• _PROBLEM REQUIREMENTS_
Although the data below contains pictures, output only the lines between those holding "Content Marketing/Blogging" and "Unicorn Overlord characters: Classes, companions, seiyuu", inclusive, exactly and without those pictures.

• _EXTRACTED RECORDS_
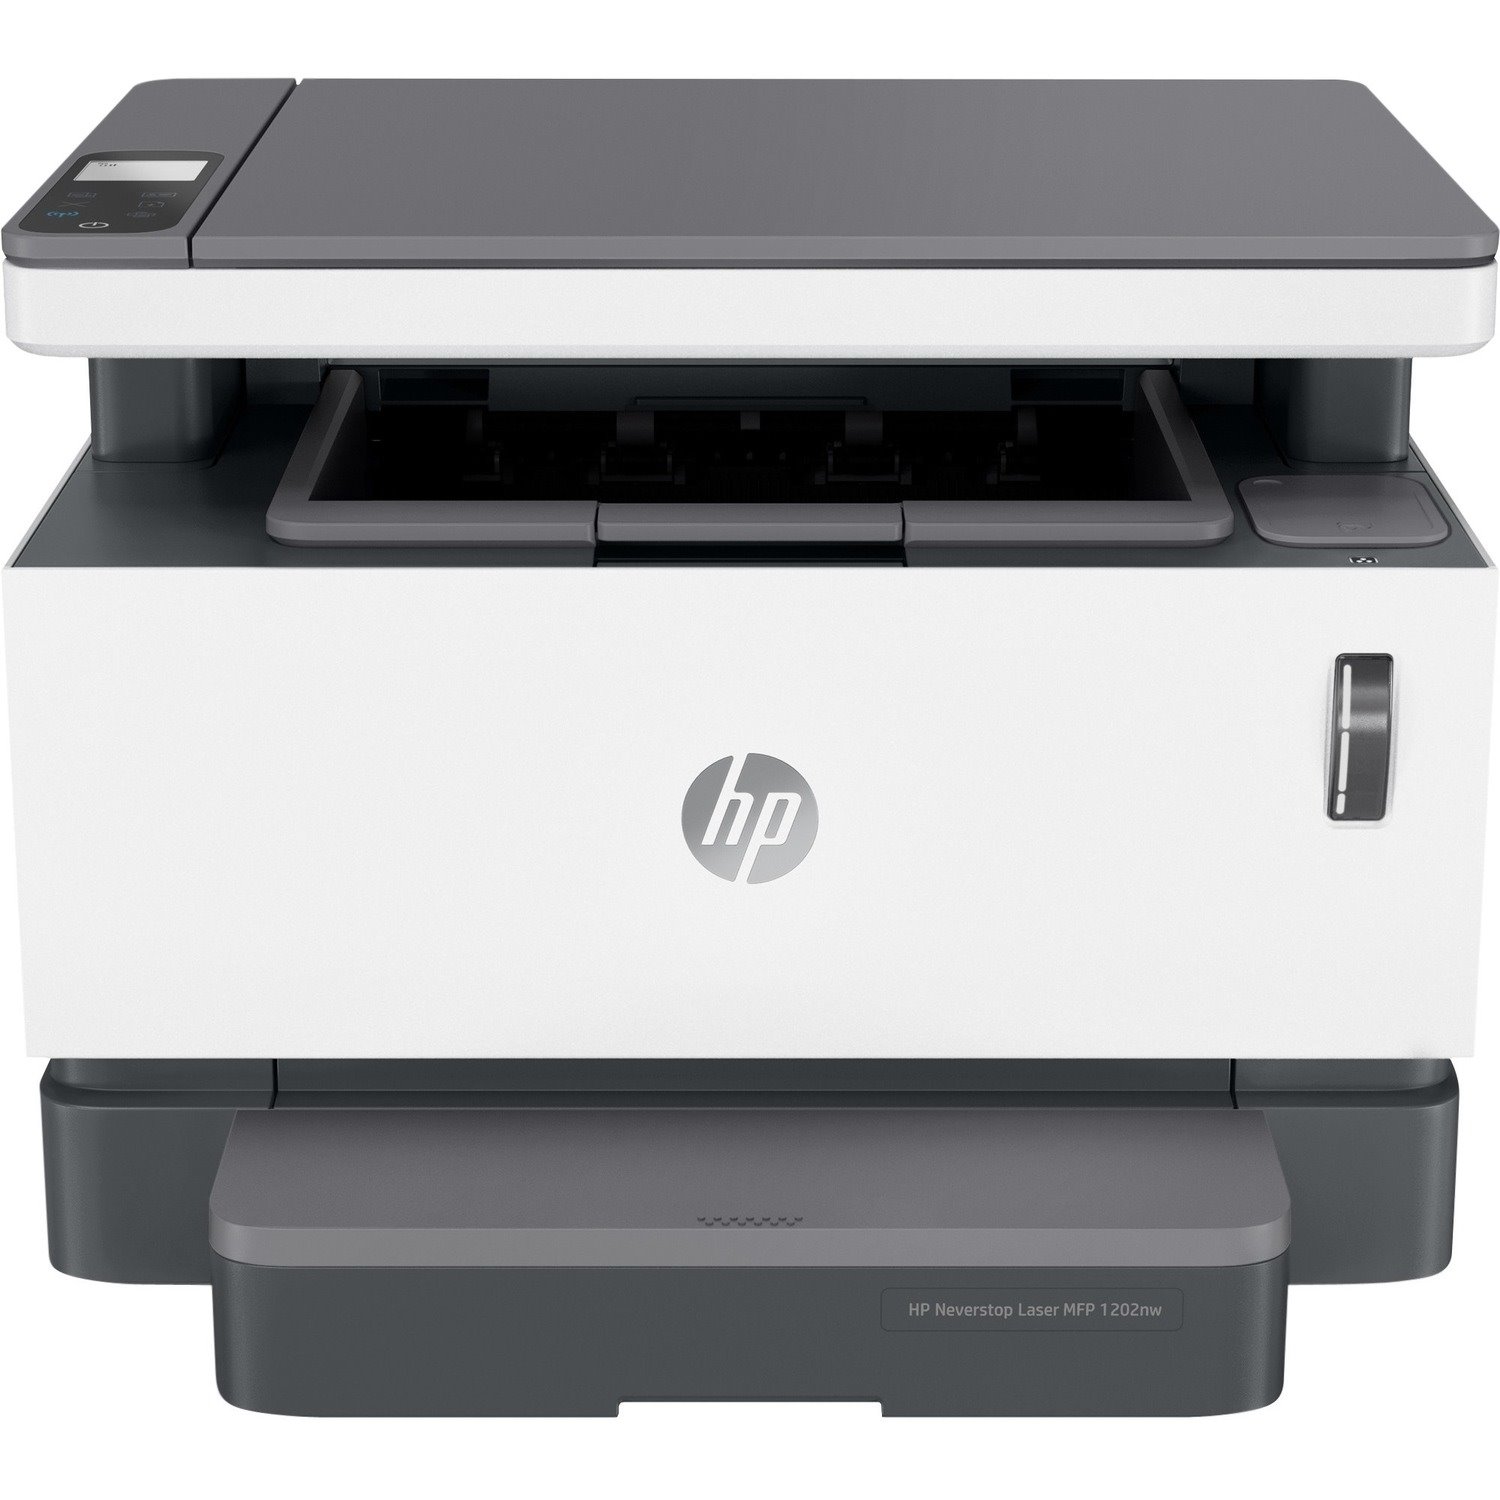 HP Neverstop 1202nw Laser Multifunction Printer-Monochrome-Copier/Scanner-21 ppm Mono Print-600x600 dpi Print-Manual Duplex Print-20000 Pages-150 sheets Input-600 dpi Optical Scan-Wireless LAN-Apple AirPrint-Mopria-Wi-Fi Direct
==
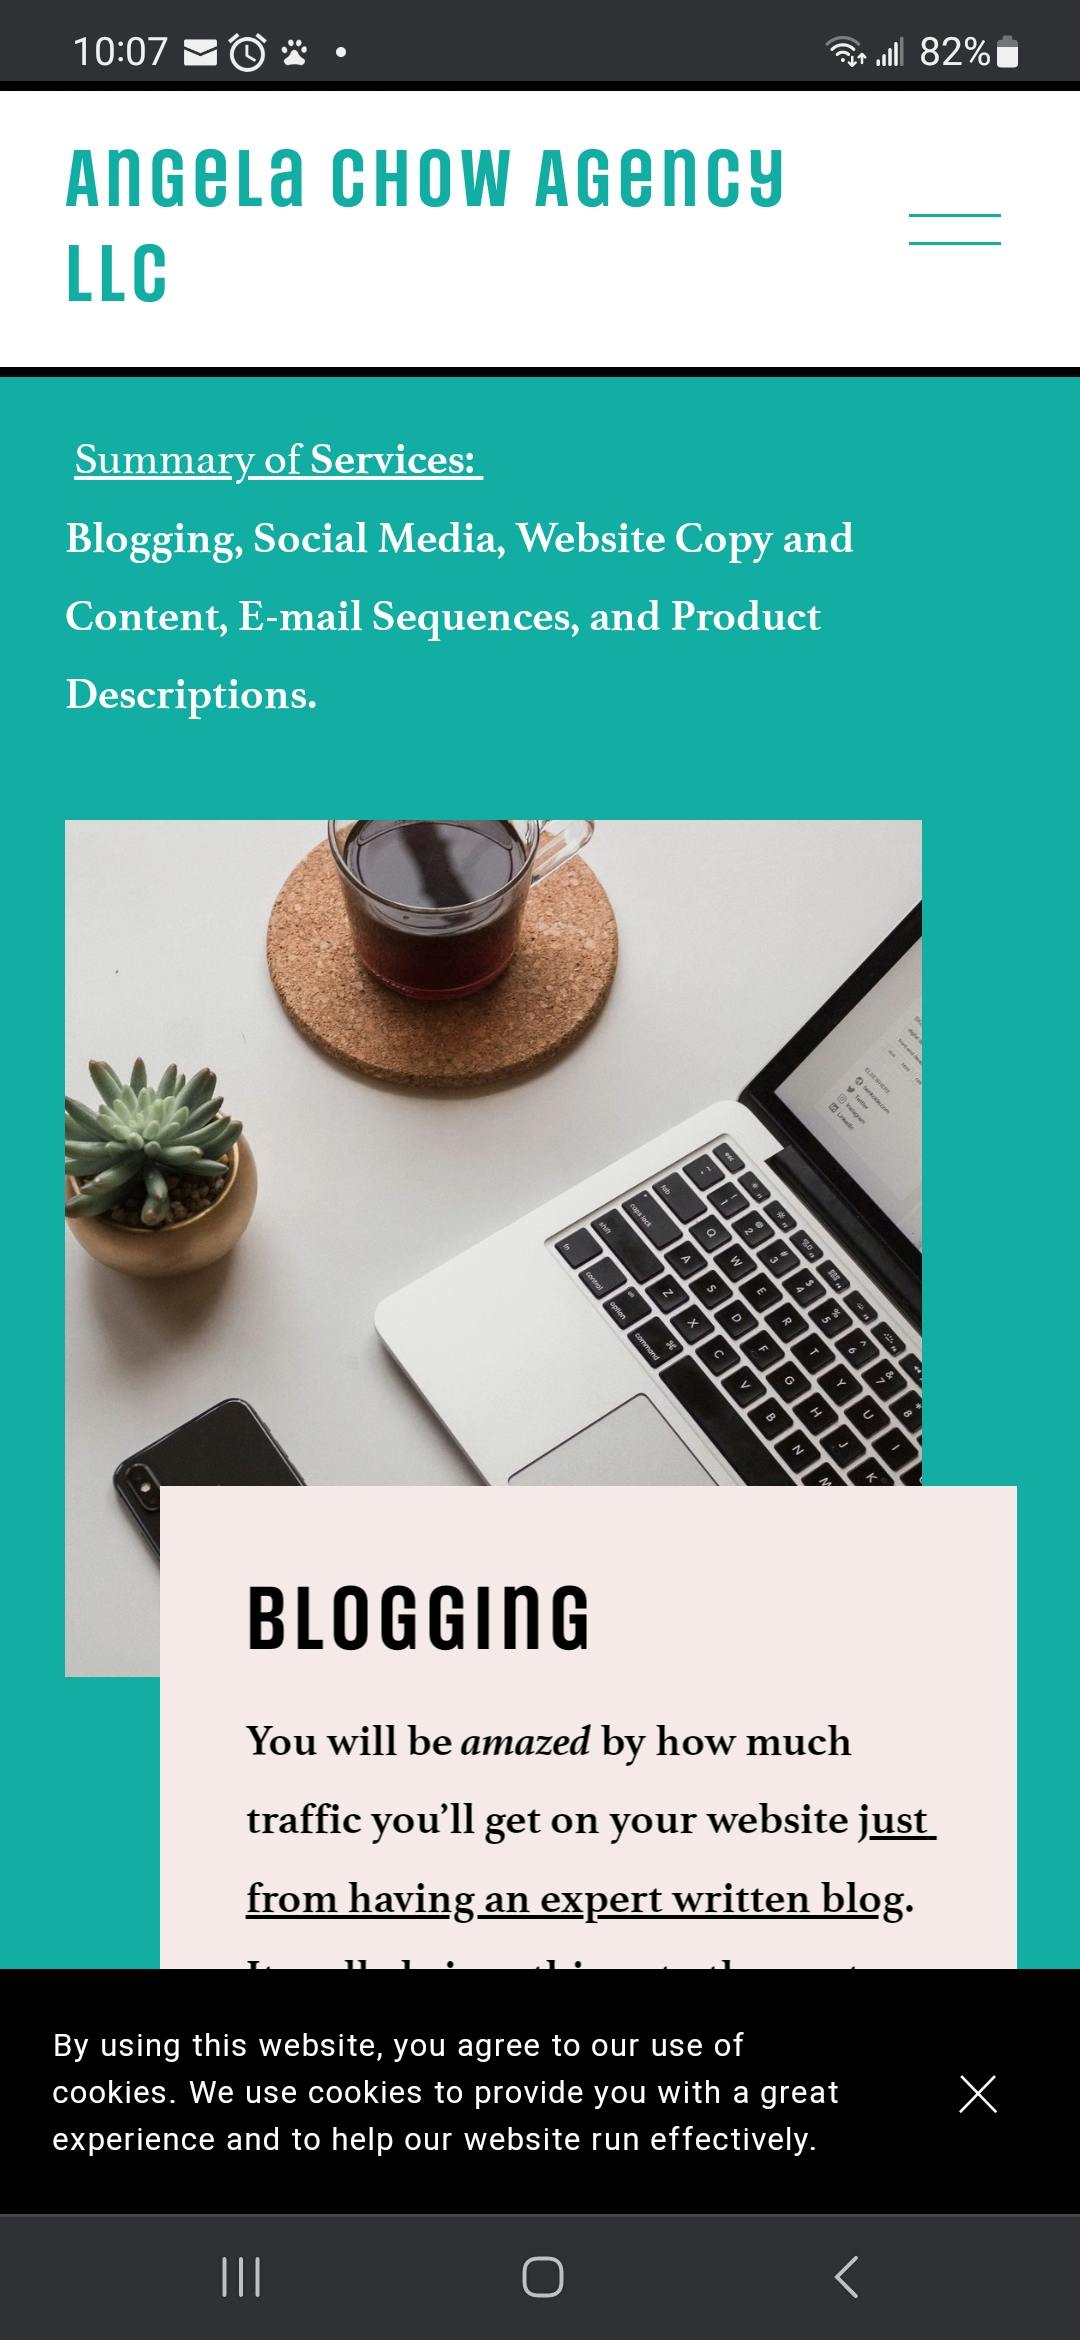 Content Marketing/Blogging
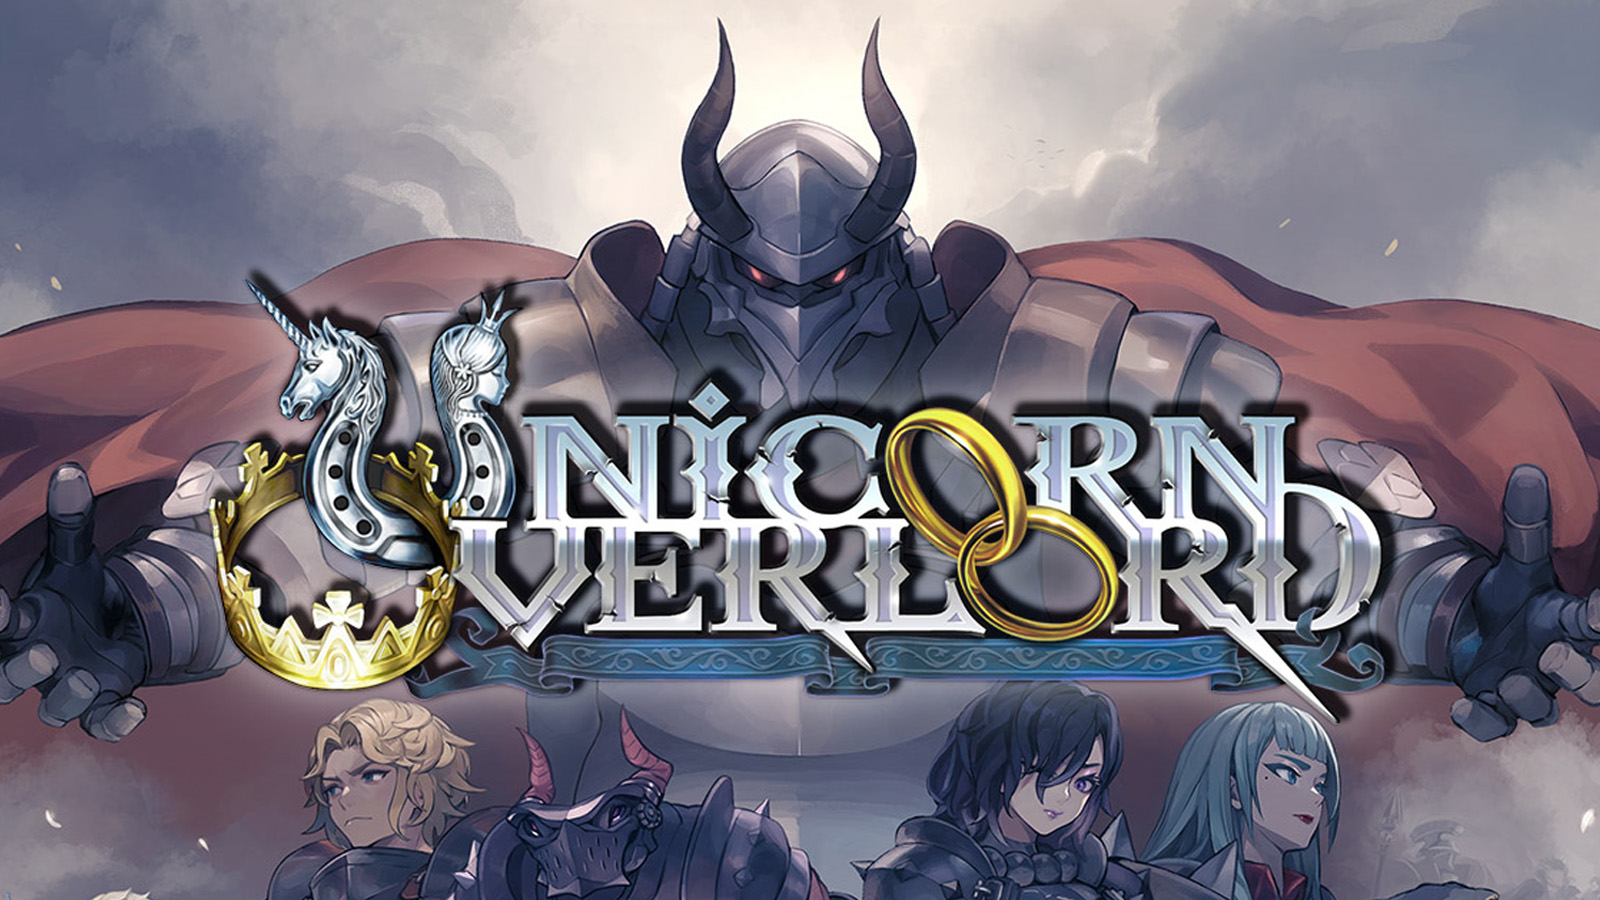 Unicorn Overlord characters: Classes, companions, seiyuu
* * *
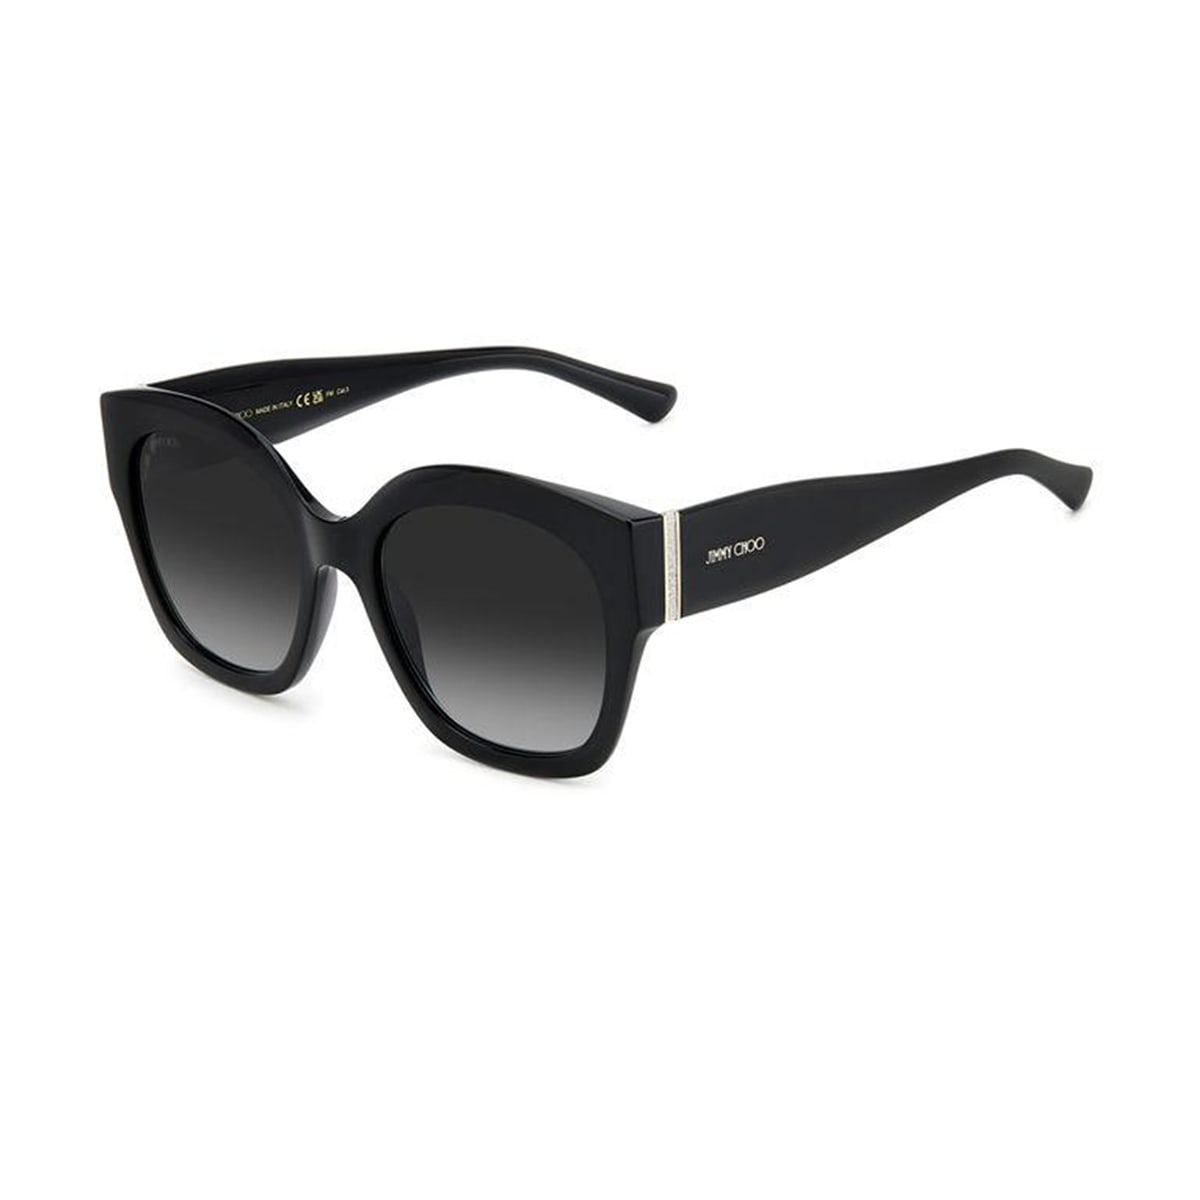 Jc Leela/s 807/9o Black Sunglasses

• _TASK ANSWER_
 Content Marketing/Blogging
 Unicorn Overlord characters: Classes, companions, seiyuu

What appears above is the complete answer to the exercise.